There are a couple of takes on this.
One is like “big data and data analytics supplanting doctors.”
So Dr. Cary Oberije certainly knows how to gain popularity with conventional-minded doctors.
In Mathematical Models Out-Perform Doctors in Predicting Cancer Patients’ Responses to Treatment she reports on research showing predictive models are better than doctors at predicting the outcomes and responses of lung cancer patients to treatment… “The number of treatment options available for lung cancer patients are increasing, as well as the amount of information available to the individual patient. It is evident that this will complicate the task of the doctor in the future,” said the presenter, Dr Cary Oberije, a postdoctoral researcher at the MAASTRO Clinic, Maastricht University Medical Center, Maastricht, The Netherlands. “If models based on patient, tumor and treatment characteristics already out-perform the doctors, then it is unethical to make treatment decisions based solely on the doctors’ opinions. We believe models should be implemented in clinical practice to guide decisions.”
Dr Oberije says,
“Correct prediction of outcomes is important for several reasons… First, it offers the possibility to discuss treatment options with patients. If survival chances are very low, some patients might opt for a less aggressive treatment with fewer side-effects and better quality of life. Second, it could be used to assess which patients are eligible for a specific clinical trial. Third, correct predictions make it possible to improve and optimise the treatment. Currently, treatment guidelines are applied to the whole lung cancer population, but we know that some patients are cured while others are not and some patients suffer from severe side-effects while others don’t.
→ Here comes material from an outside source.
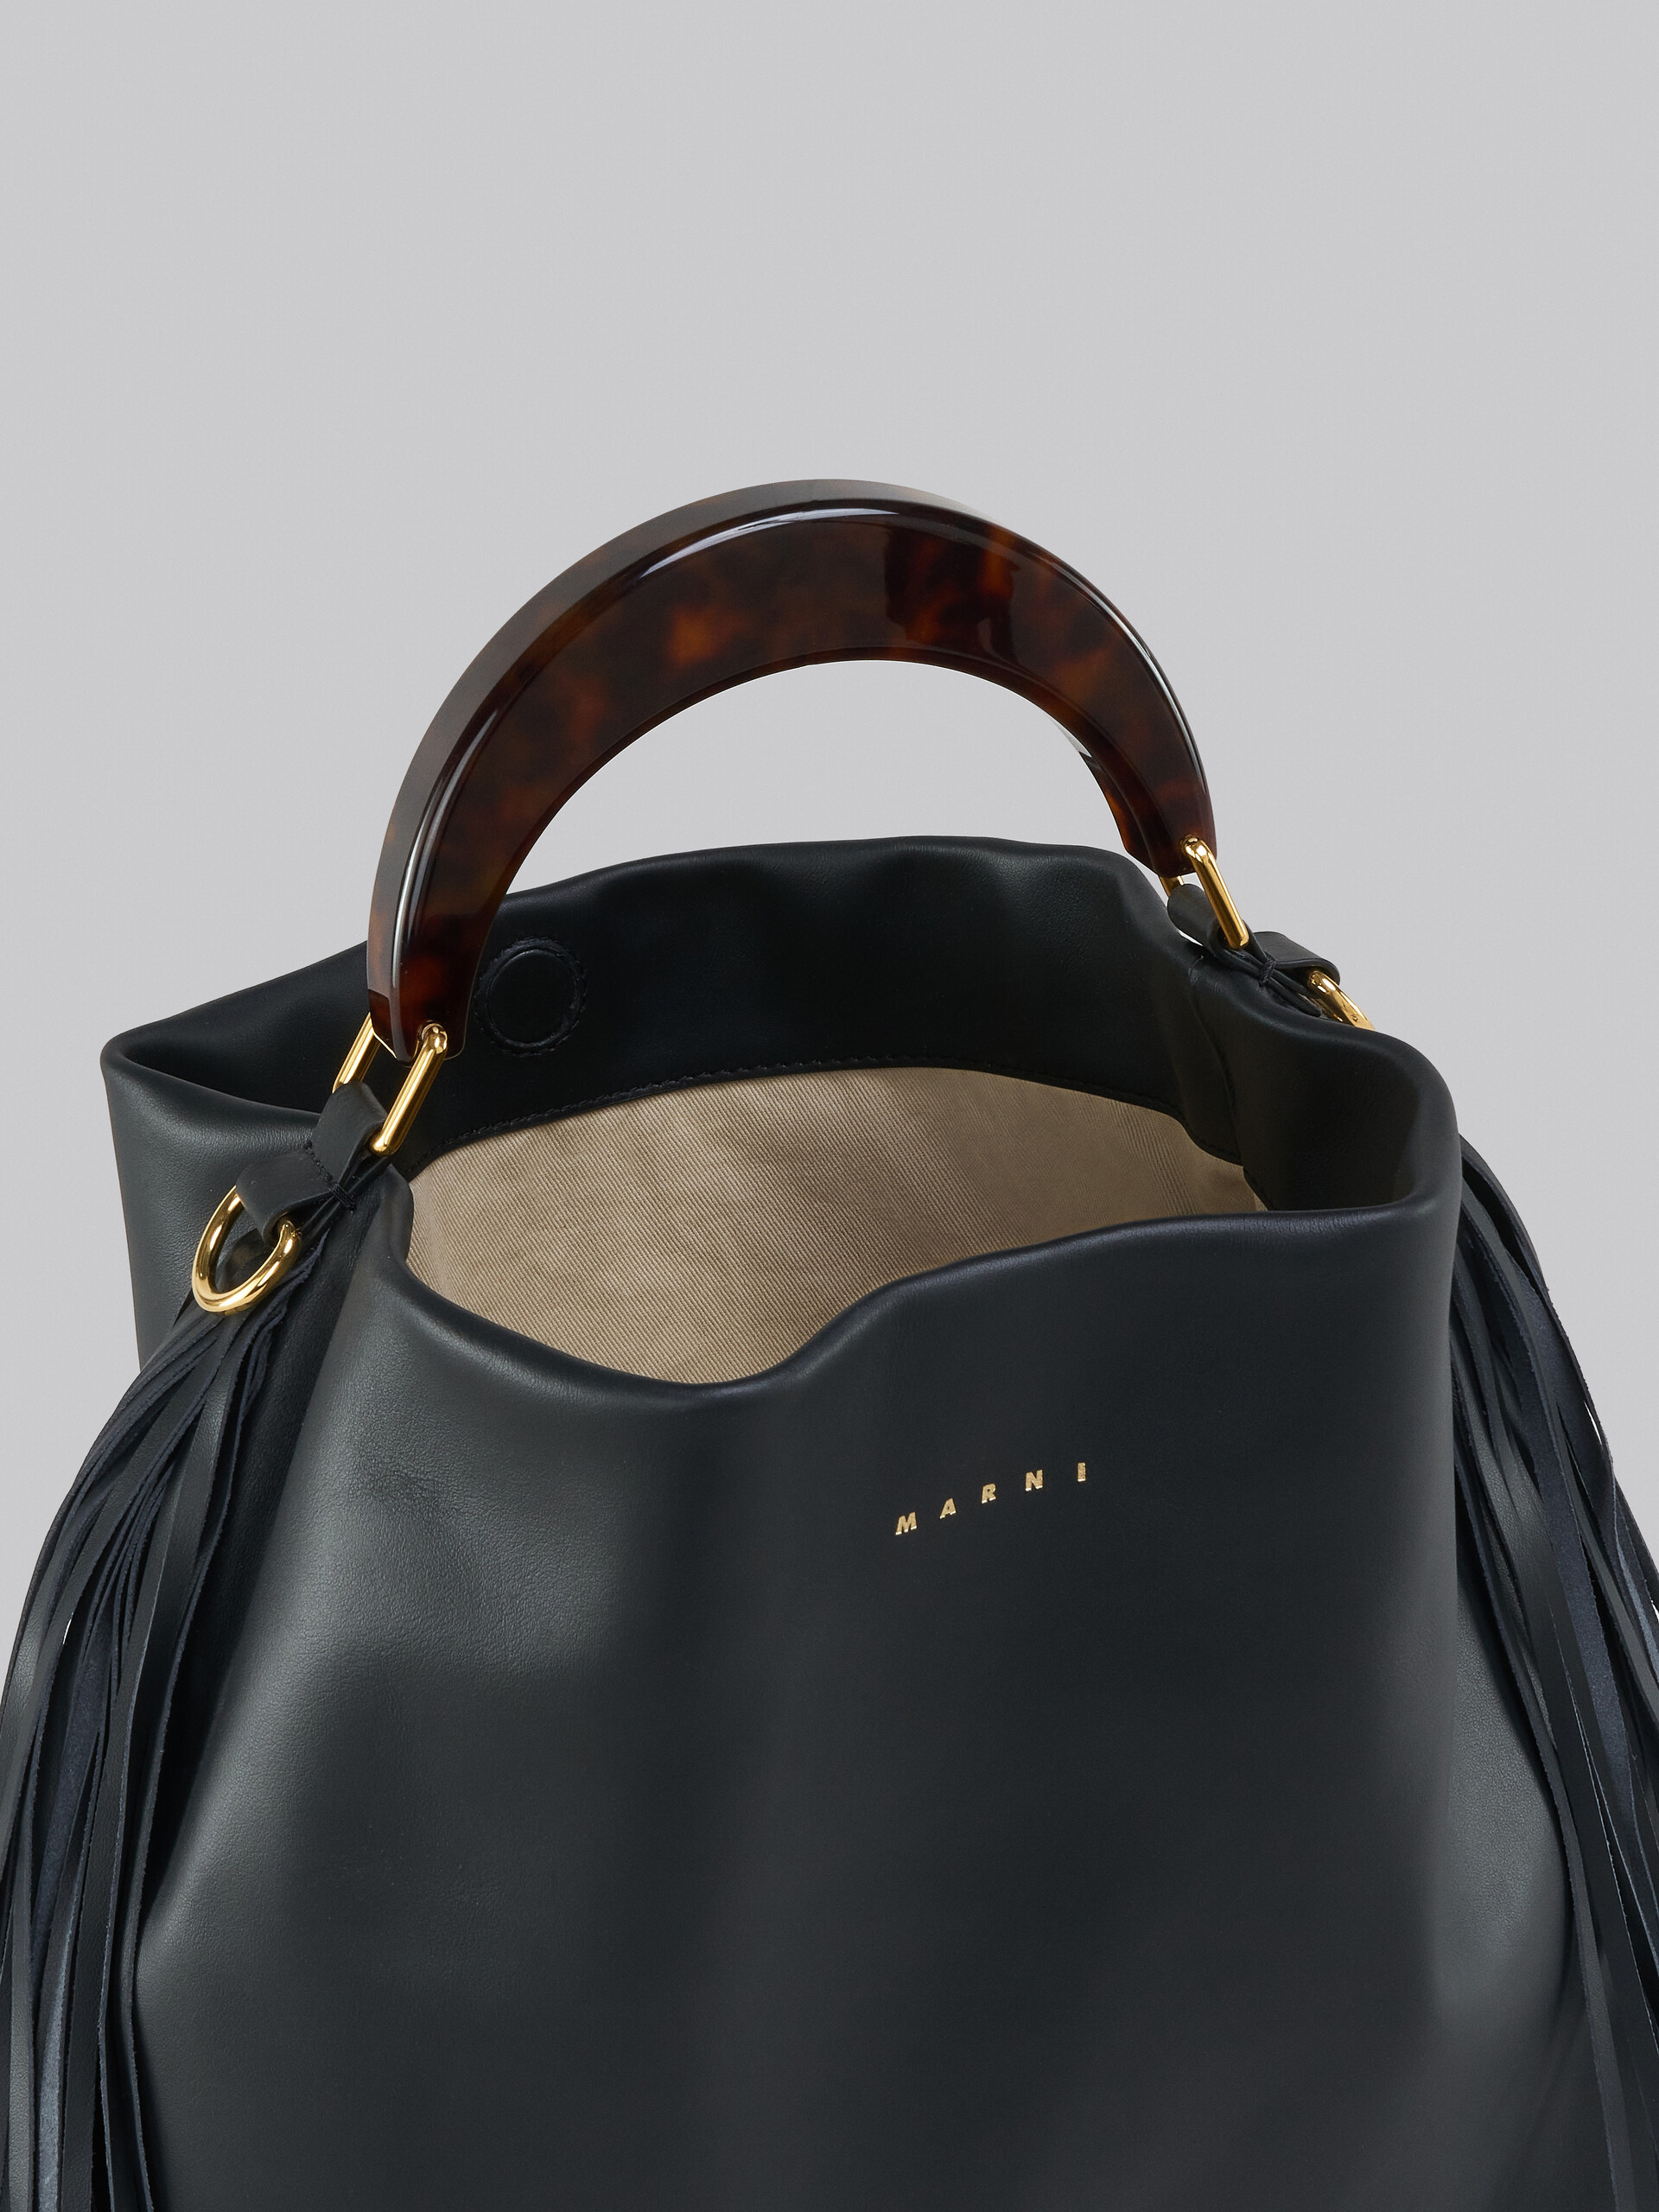 Venice Medium Bag in black leather with fringes - Shoulder Bag - Image 3

We know that there are many factors that play a role in the prognosis of patients and prediction models can combine them all.”
At present, prediction models are not used as widely as they could be by doctors…. some models lack clinical credibility; others have not yet been tested; the models need to be available and easy to use by doctors; and many doctors still think that seeing a patient gives them information that cannot be captured in a model.
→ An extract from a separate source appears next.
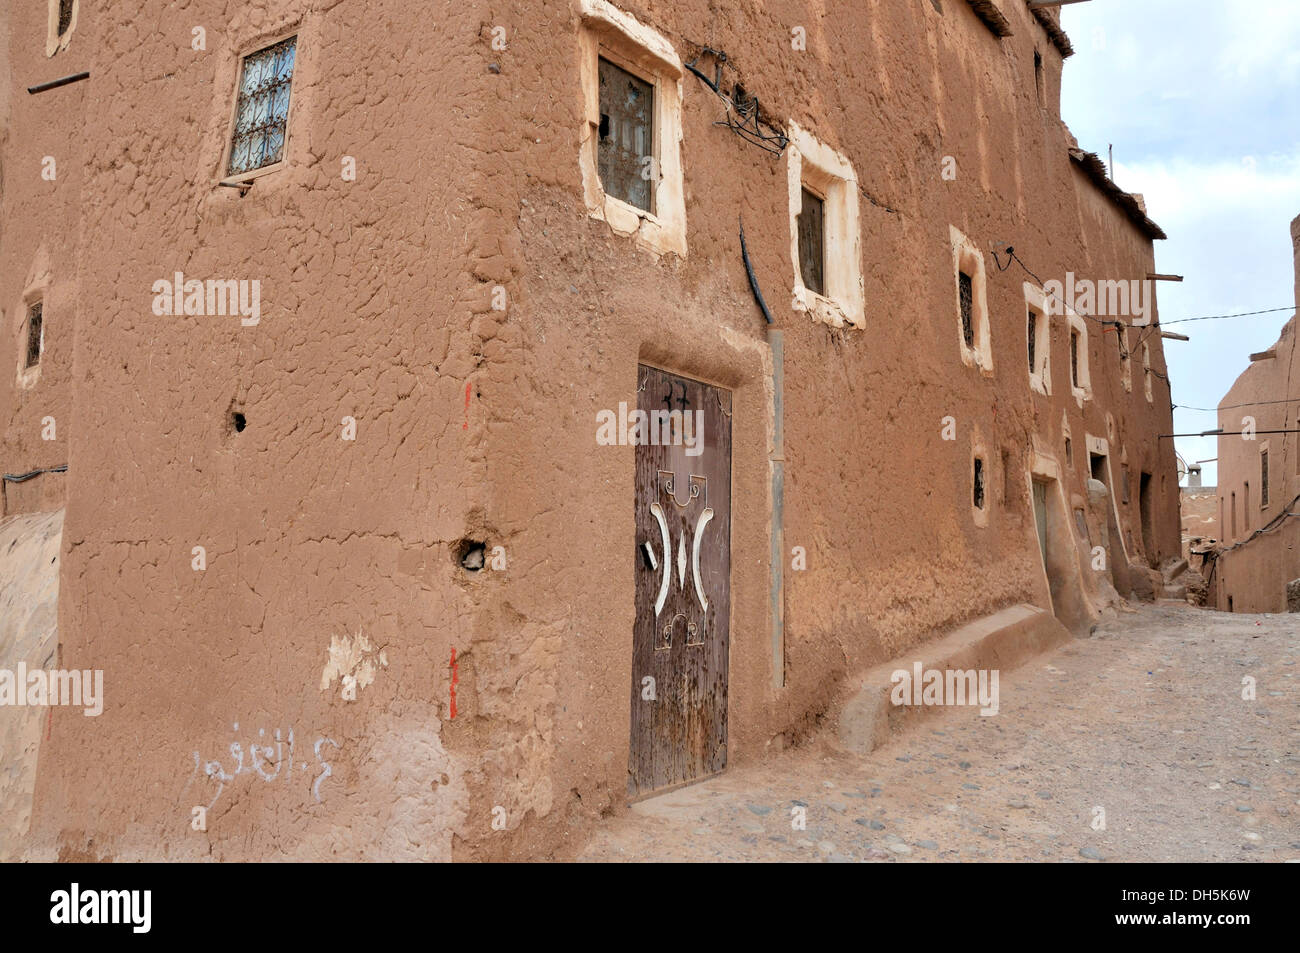 L'architecture de pisé de terre dans la vieille ville ou Médina, Ouarzazate, Maroc, Afrique Banque D'Images

Dr. Oberije asserts, Our study shows that it is very unlikely that a doctor can outperform a model.
I think Dr. Oberije is probably right that physicians could do well to avail themselves of broader medical databases – on prostate conditions, for example – rather than sort of shooting from the hip with each patient.
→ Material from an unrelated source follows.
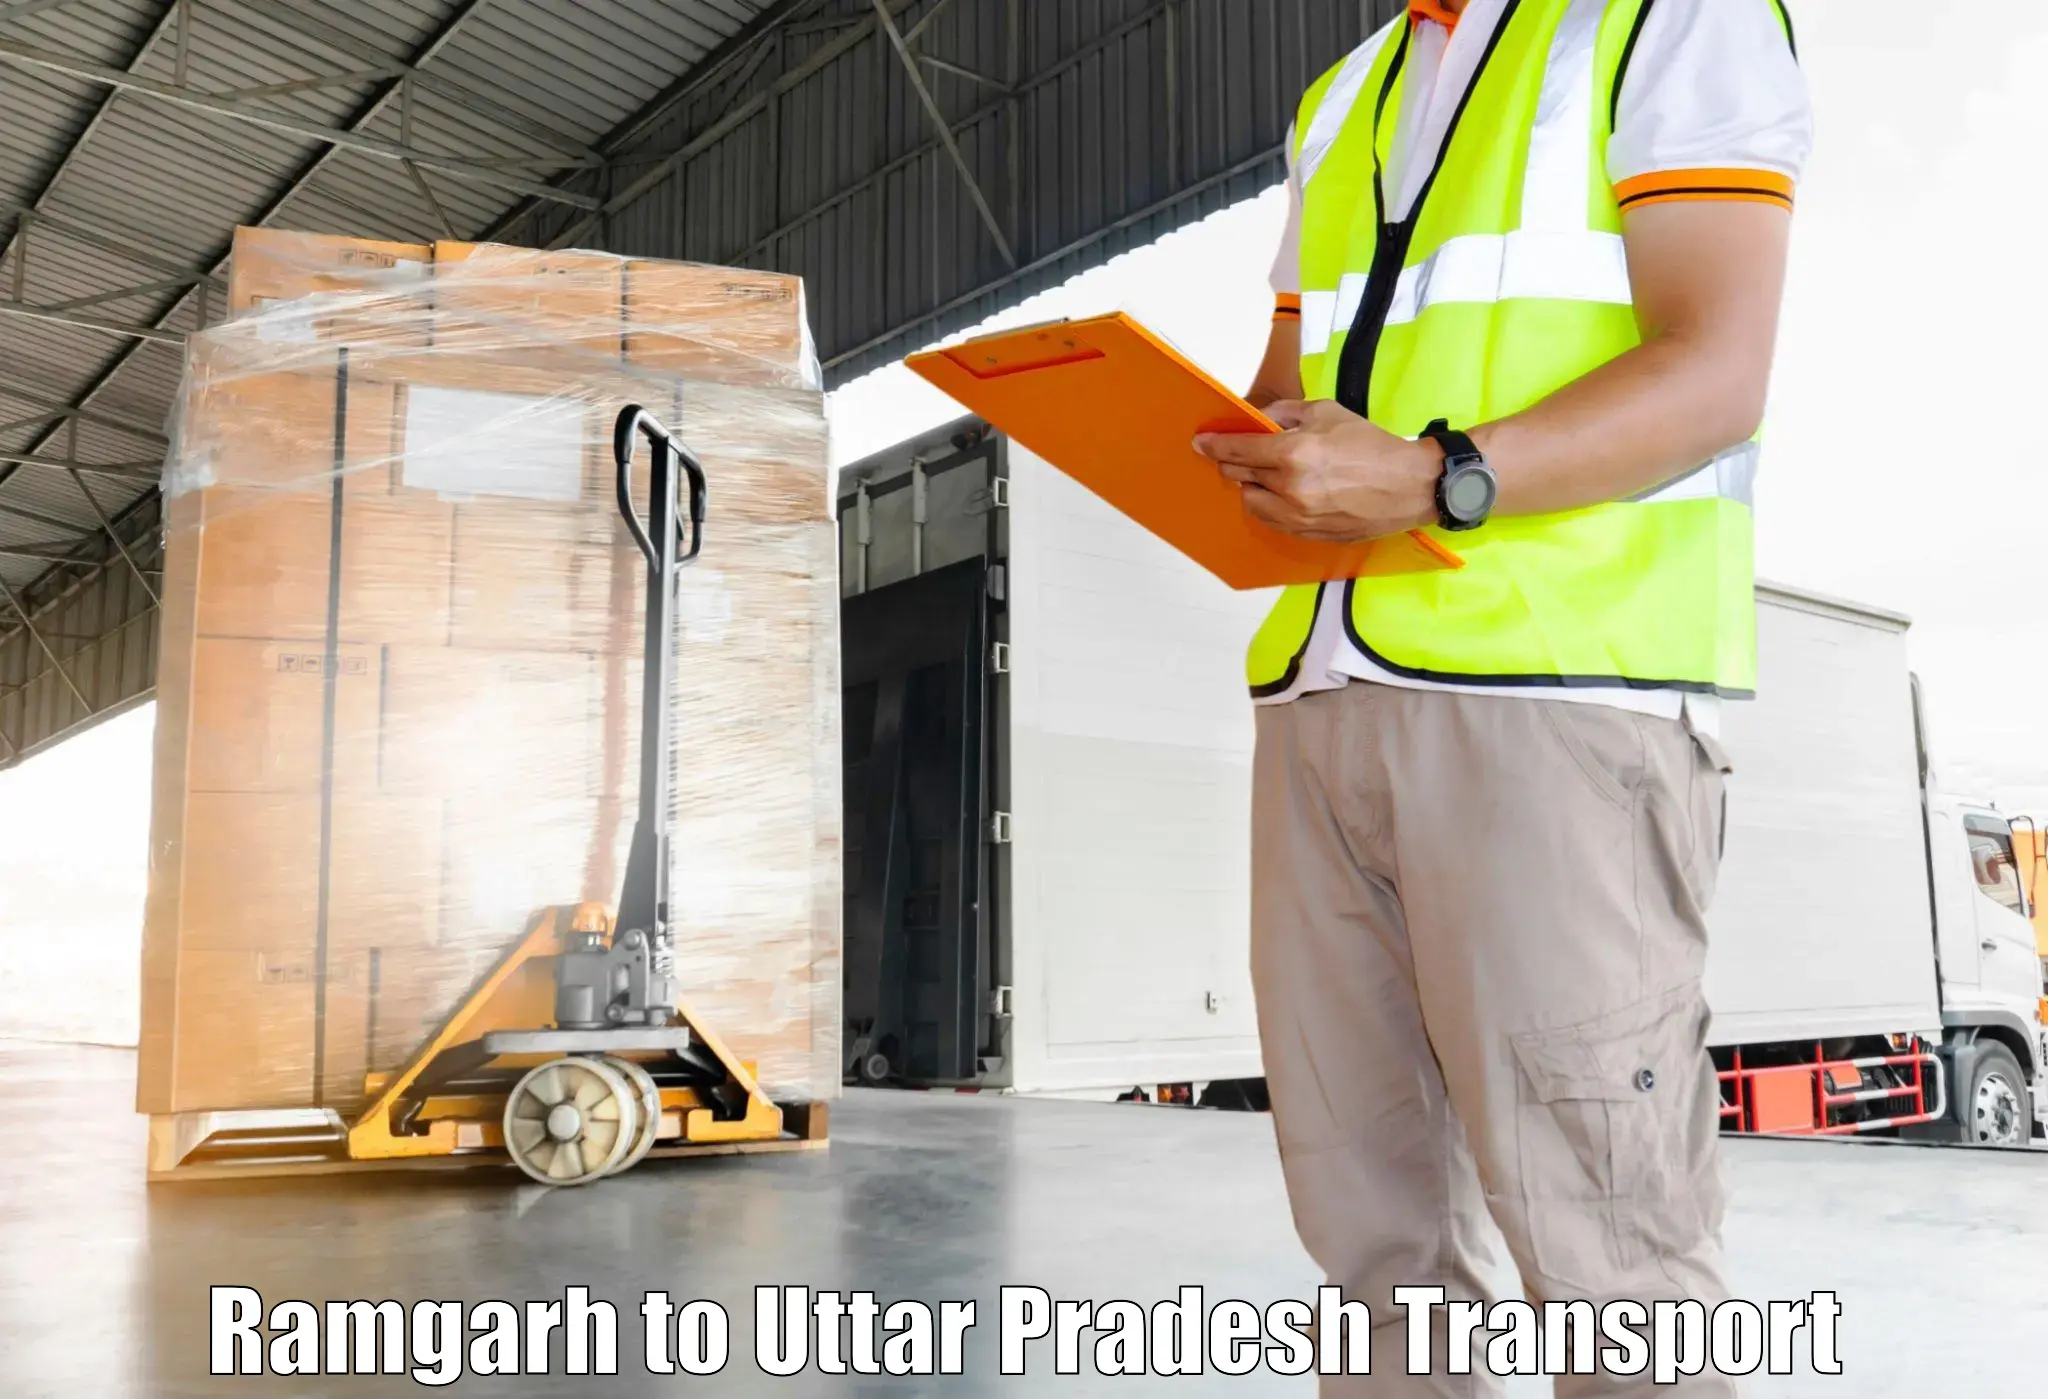 Container transportation services in Ramgarh to Banaras Hindu University Varanasi

The other approach is “teamwork between physicians, data and other analysts should be the goal.”
The IMO program’s approach is to develop mathematical models and computer simulations to link data that is obtained in a laboratory and the clinic. The models can provide insight into which drugs will or will not work in a clinical setting, and how to design more effective drug administration schedules, especially for drug combinations. The investigators collaborate with experts in the fields of biology, mathematics, computer science, imaging, and clinical science.
“Limited penetration may be one of the main causes that drugs that showed good therapeutic effect in laboratory experiments fail in clinical trials,” explained Rejniak. “Mathematical modeling can help us understand which tumor, or drug-related factors, hinder the drug penetration process, and how to overcome these obstacles.”
A similar story cropped up in in the Boston Globe – Harvard researchers use math to find smarter ways to defeat cancer
Now, a new study authored by an unusual combination of Harvard mathematicians and oncologists from leading cancer centers uses modeling to predict how tumors mutate to foil the onslaught of targeted drugs. The study suggests that administering targeted medications one at a time may actually insure that the disease will not be cured. Instead, the study suggests that drugs should be given in combination.